Мистер Штивс сидел у себя в кабинете, опять занимаясь бумагами. Рыжие волосы немного отросли, поэтому пришлось стянуть их резинкой, чтобы не мешались.
«Стоит как-нибудь сходить в парикмахерскую», – каждый раз говорил себе мужчина и каждый раз забывай это сделать.
В этот день его сердце было не спокойно. С самого утра оно часто билось, принося дискомфорт. В горле каждый раз вставал комок, когда врач начинал спрашивать у себя, что же должно случиться.
«Скорее всего, – успокаивал себя Штивс, почесывая подбородок, – ко мне вновь придет Эрик. Руку перебинтовать или очередную рану помазать».
Но землю уже начали скрывать сумерки, погружая все во тьму, а мальчика все так и не было.

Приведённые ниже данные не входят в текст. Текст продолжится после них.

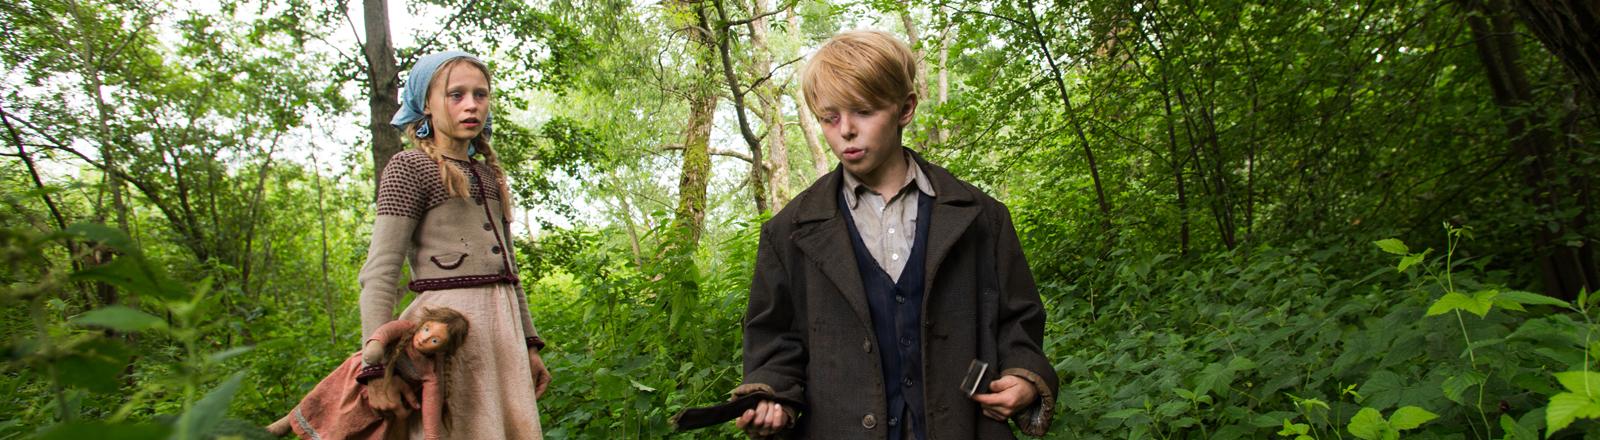 """Vivien Ciskowska als Asta und Til-Niklas Theiner als Paul in einer undatierten Szene des Films """"Wolfskinder""""."""

С одной стороны, это даже хорошо, что он не ввязался в очередную перепалку. Но в то же время не давало покоя это ощущение беды.
И что же, интересно, его так пугает?
Ближе к полуночи, когда мужчина уже собирался идти в общежитие для учителей спать, но беспокойный стук в дверь не дал этого сделать.
- Войдите, – снимая белый халат, пригласил посетителя Штивс. Поправляя галстук на рубашке, он обернулся и замер в одном ужасе. Его Эрик, тяжело дыша, стоял у двери, испуганно глядя на друга. Темные волосы прилипли к вискам, по которым тонкой струйкой стекал пот. Руки, испачканные в грязи и чьей-то крови, тряслись. В этих же темно-бордовых пятнах была школьная белая рубашка и брюки. Пиджака не было.
- Мистер... Мистер Шт... Штивс... – запинаясь, позвал Эрик и бросился в объятия мужчины, крепко сжимая в кулаках его рубашку и тоже её пачкая.
- Что... Что случилось? – еле выговаривая слова, спросил доктор, присаживаясь на колени, все еще крепко обнимая мальчика. Тело Эрика бросала крупная дрожь, слезы текли по щекам, и вытирая их, он размазывал грязь и кровь по лицу. Старшеклассник пытался что-то сказать, но получались только хрип и срывающиеся рыдания.
- Успокойся. Все хорошо. Помнишь, я говорил тебе, что ты можешь мне доверять? Так вот, свои слова я назад забирать не намерен, так что ты можешь рассказать, что же случилось.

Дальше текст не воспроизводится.